I’d say it’s save to assume the superblocks are okay and the source of the issue is to be sought elsewhere.

In addition to running smartctl -t long on all devices, I also ran fsck.ext4 on all data volumes after I had assembled the arrays manually in Fedora 39 live environment. No errors came up, only optimization suggestions. A full read of all raid devices using dd ran from start to finish without any hangs or reports of read errors. I think it’s save to assume nothing is wrong with the physical state of the drives.

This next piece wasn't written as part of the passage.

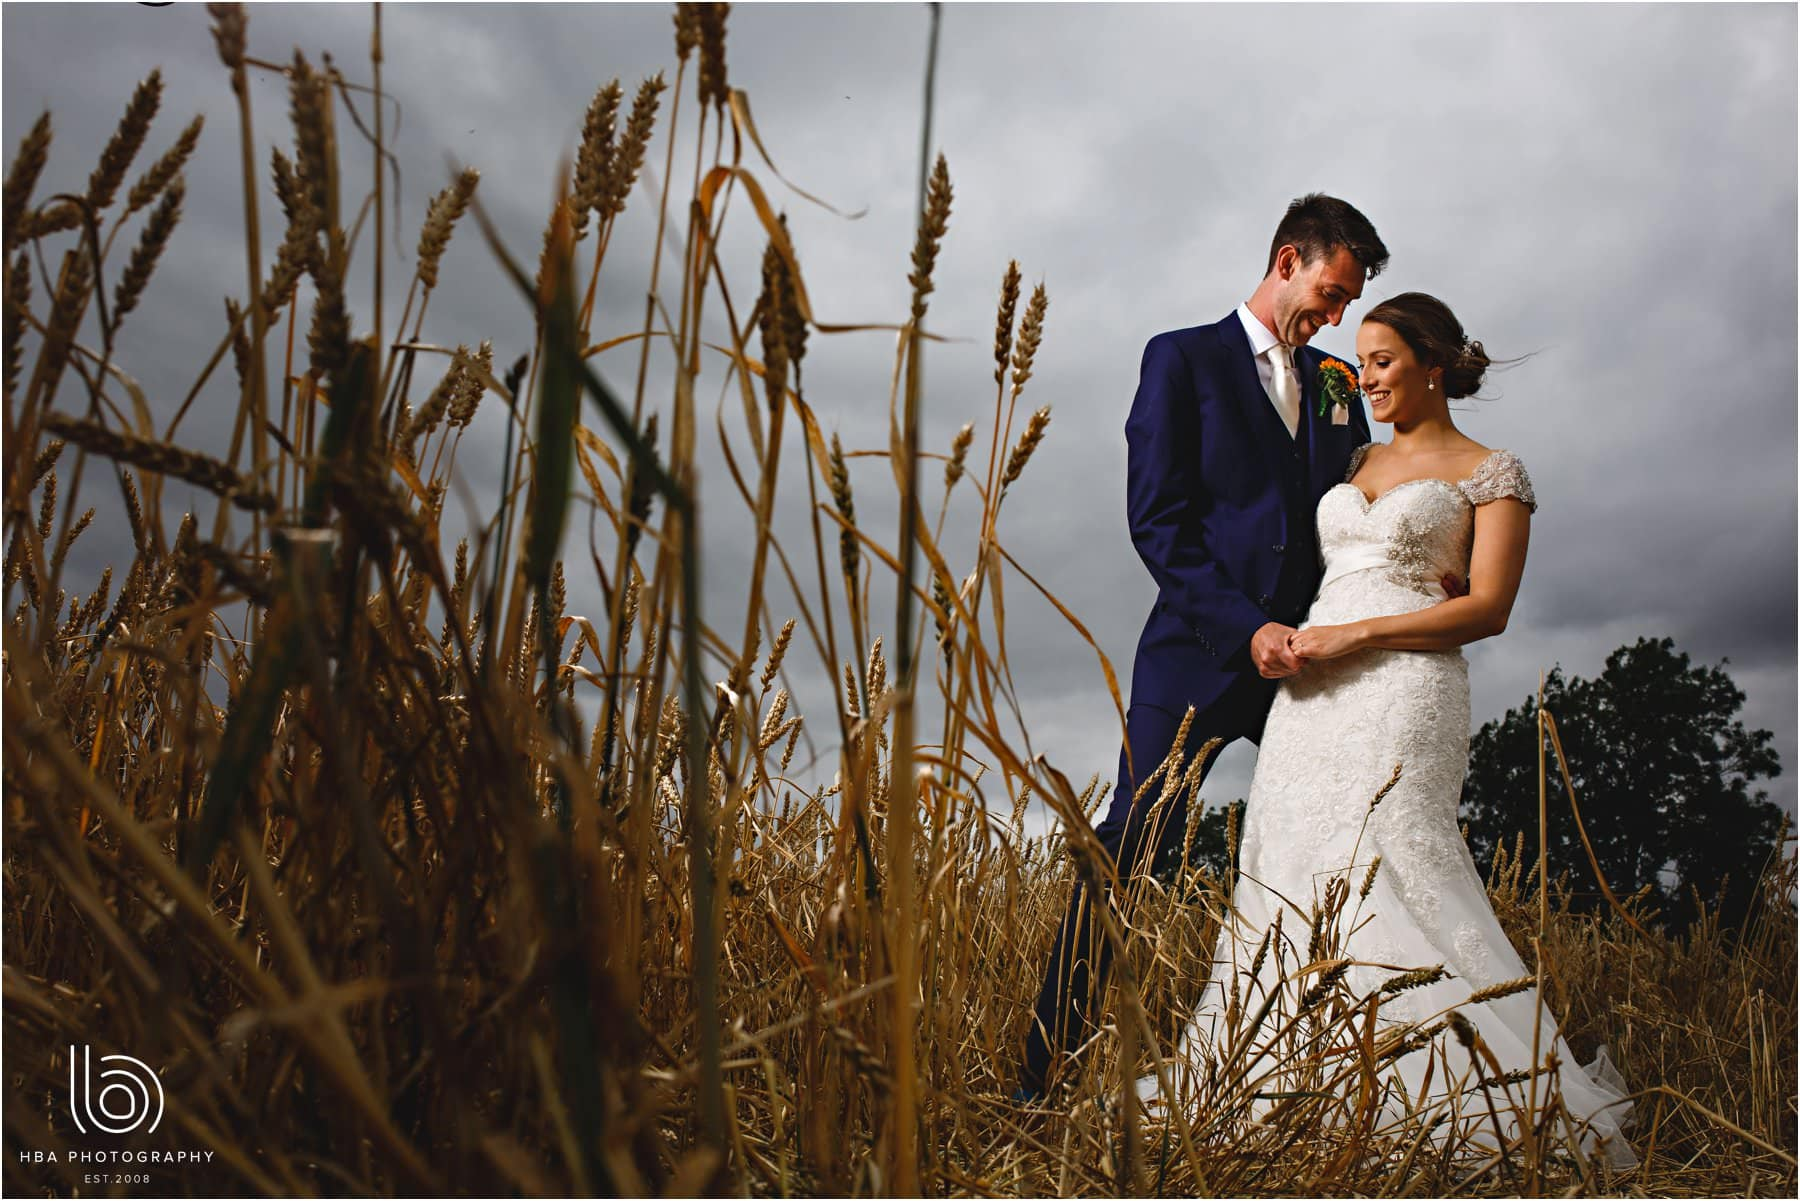 the bride & groom in the cornfield

What’s been puzzling me is the lack of any log entries[1] regarding md1 and md5. For the one array that is brought up I do see messages in the boot log and systemd creates units for the device like sys-devices-virtual-block-md54.device. I read that md raid assembly for raid devices using version 1 superblocks is a system task. For 0.90 superblocks, the kernel was able to assemble those.

I suppose with system task I would need to look at systemd. I poked around, but wasn’t able to find anything particular helpful. Does anyone know of any helpful documentation on how Fedora brings up md devices? Is it possible to increase the verbosity of the boot process? If so, where can I configure that?

I would really like to see at least some log messages regarding discovery and assembly of md devices. I suppose I could try starting with debugging mdadm, which still hangs for some time when assembling md1 and completely freezes on assembly of md5 in the emergency environment. However, the same version of mdadm works just fine in the live environment.

  1. This also happens in the live environment, where md54 is brought up as auto-read-only, albeit under a different device name. ↩︎

It is a series of scripts that are copied into the initramfs if mdraid is detected on your system. You can find the scripts under /usr/lib/dracut/modules.d/90mdraid.

It looks like there was a potentially interesting change to those scrips about 10 months ago:

If I’m reading the commit correctly, that change switched from using the standalone blkid command (the same one you run on the command line) to a “built-in” version that is part of more recent versions of udev.